*** Opening Supplied data ***

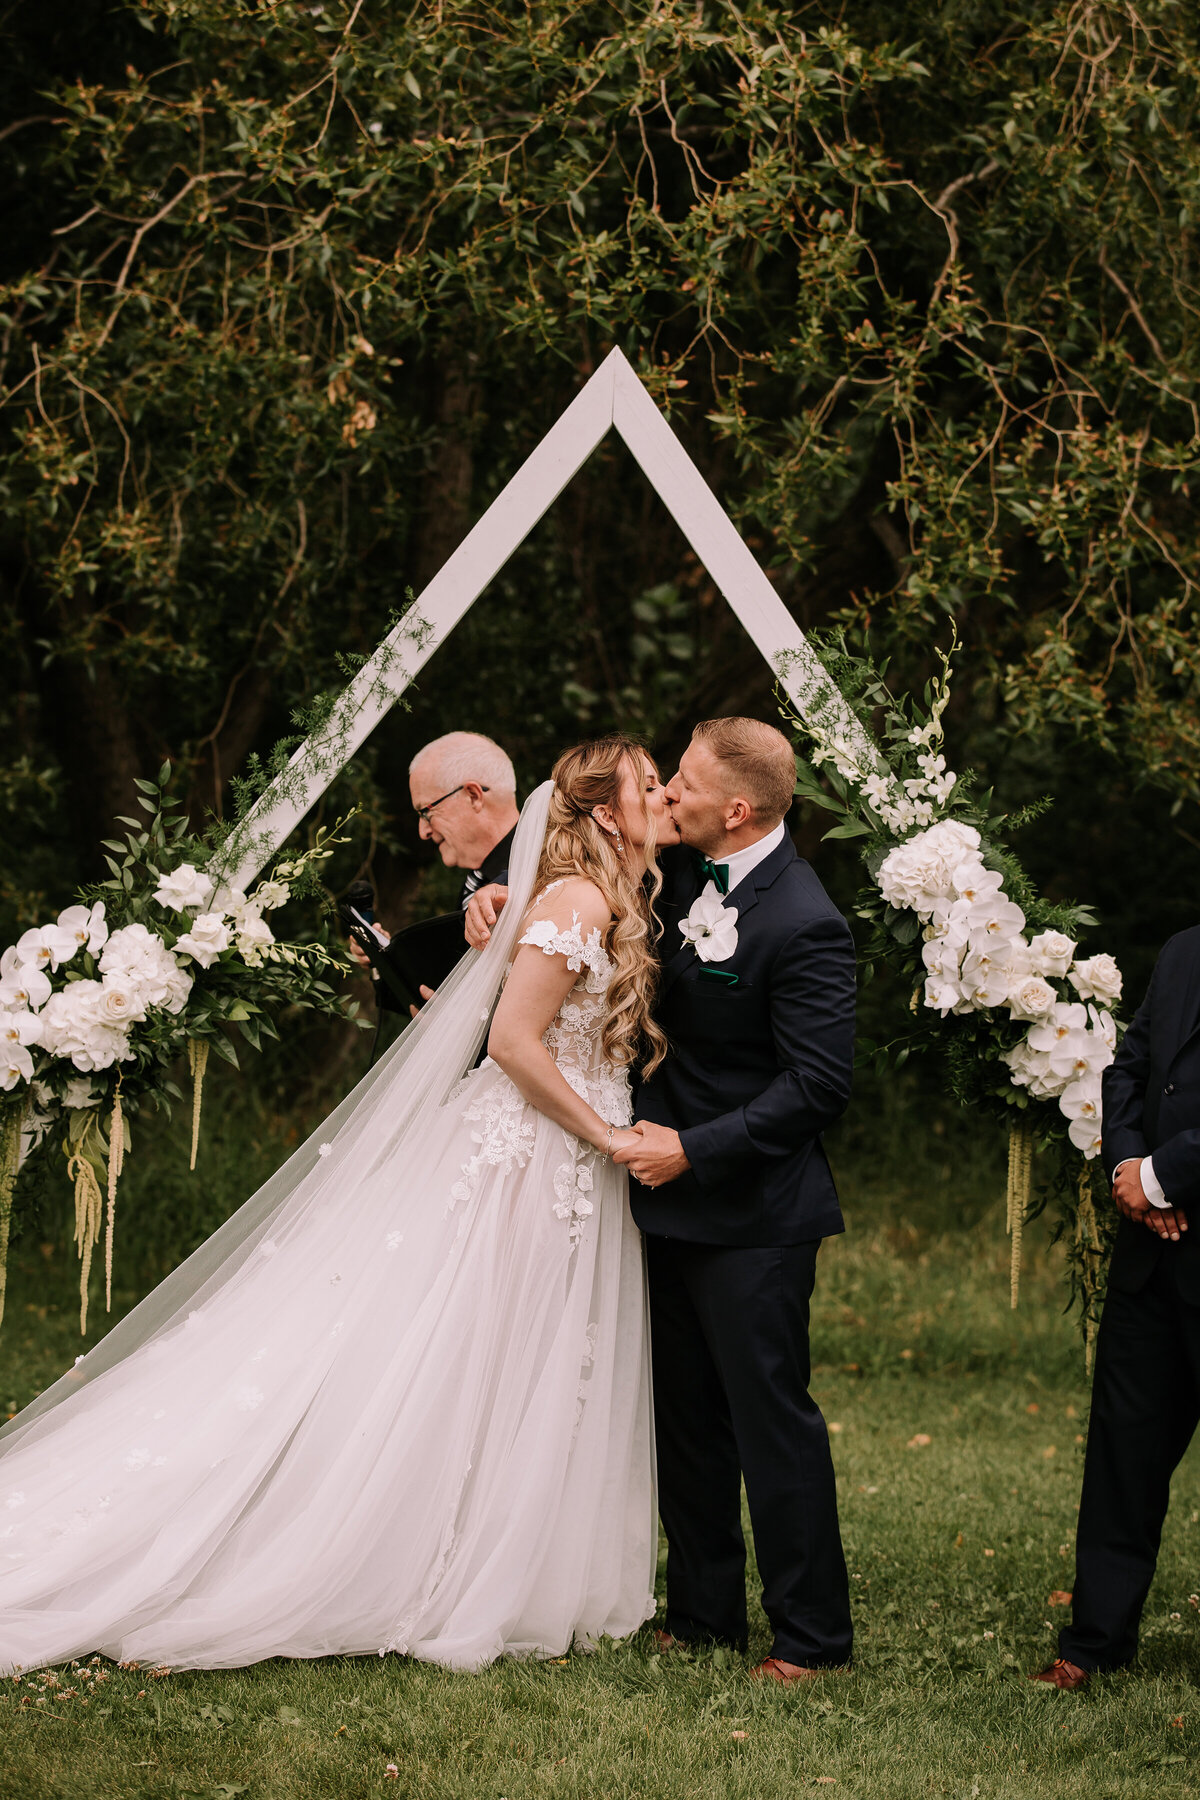 Triangle ceremony arch with classic and elegant white florals by Hen & Chicks, classic Calgary, Alberta wedding florist, featured on the Brontë Bride Vendor Guide.
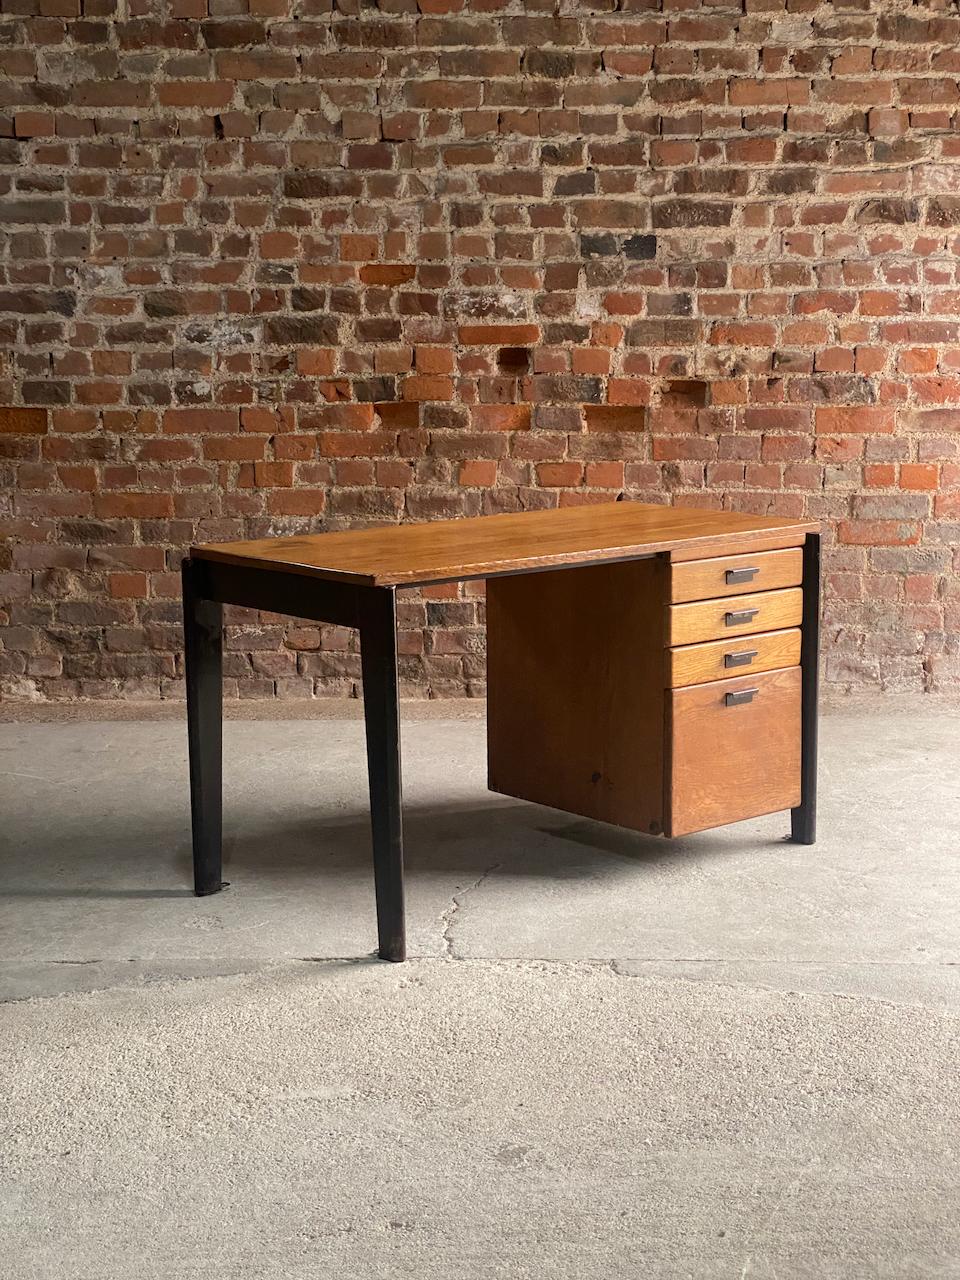 Jean Prouvé Dactylo desk No. BD 41 Circa 1948 

Rare and important mid century Ateliers Jean Prouvé black Dactylo Steel & Oak Desk No. BD 41 circa 1948, commissioned by Atelier Jean Prouve Ferembal later changed to Massilly, the desk with
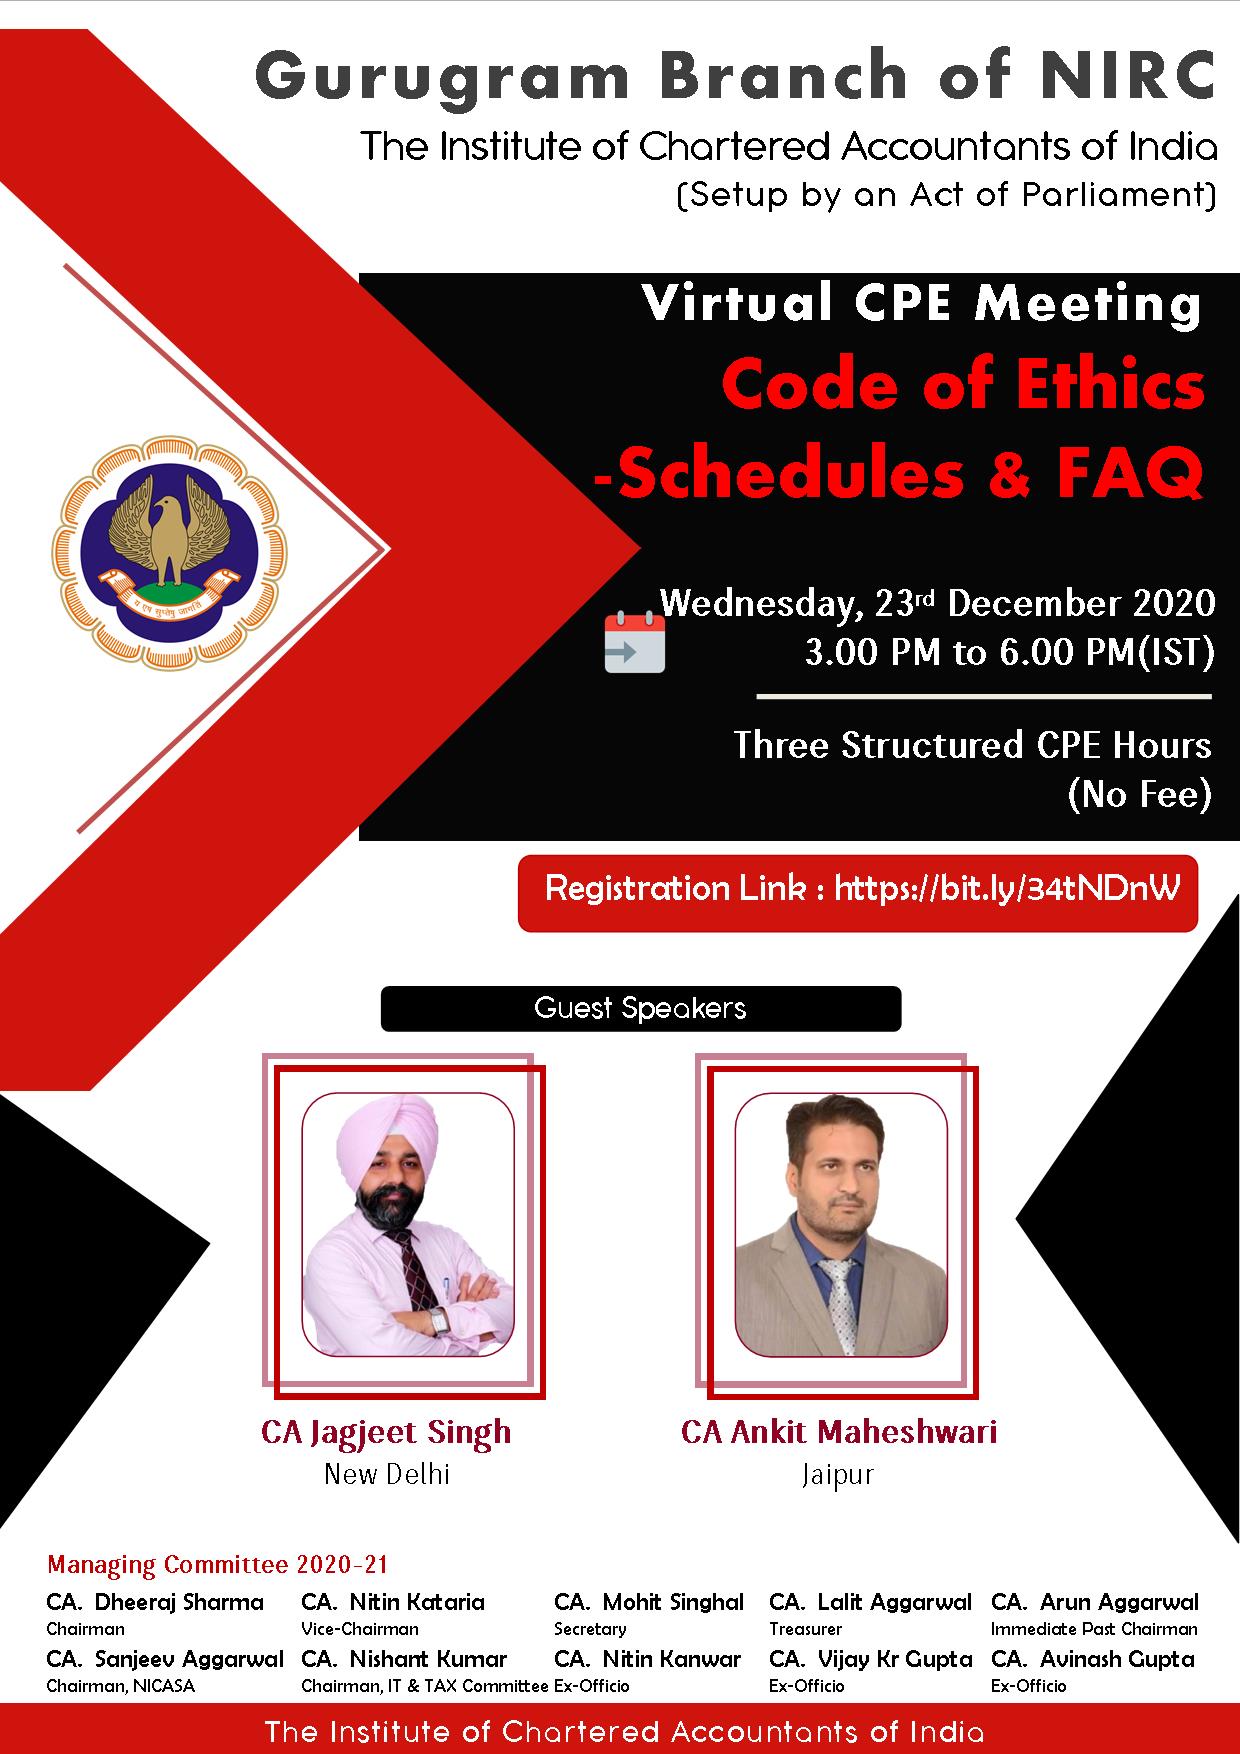 Virtual CPE Meeting on Code of Ethics-Schedules & FAQ
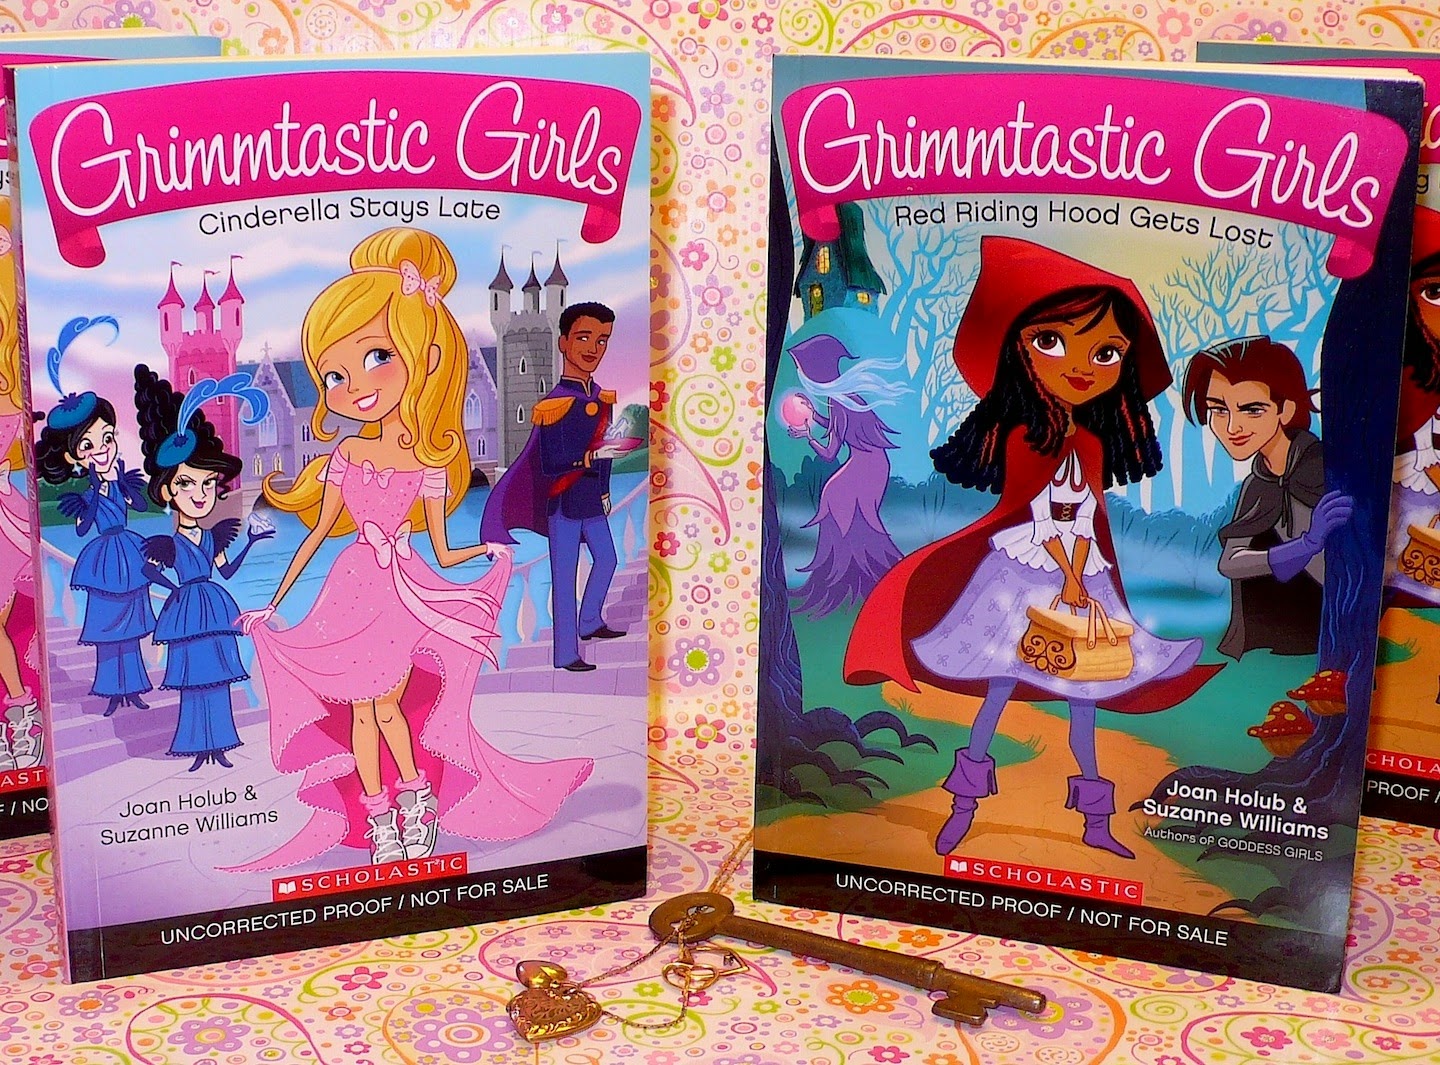 http://www.amazon.com/Grimmtastic-Girls-Cinderella-Stays-Late/dp/0545519837/ref=sr_1_1_title_0_main?s=books&ie=UTF8&qid=1389320824&sr=1-1&keywords=cinderella+stays+late

*** Closing Supplied data ***

How to complete this task:
Exact repeats of the lines from the first one in the data through the line containing "Rare and important" make up the answer. Pictures do not.

Answer space:
 Triangle ceremony arch with classic and elegant white florals by Hen & Chicks, classic Calgary, Alberta wedding florist, featured on the Brontë Bride Vendor Guide.
 Jean Prouvé Dactylo desk No. BD 41 Circa 1948 

Rare and important mid century Ateliers Jean Prouvé black Dactylo Steel & Oak Desk No. BD 41 circa 1948, commissioned by Atelier Jean Prouve Ferembal later changed to Massilly, the desk with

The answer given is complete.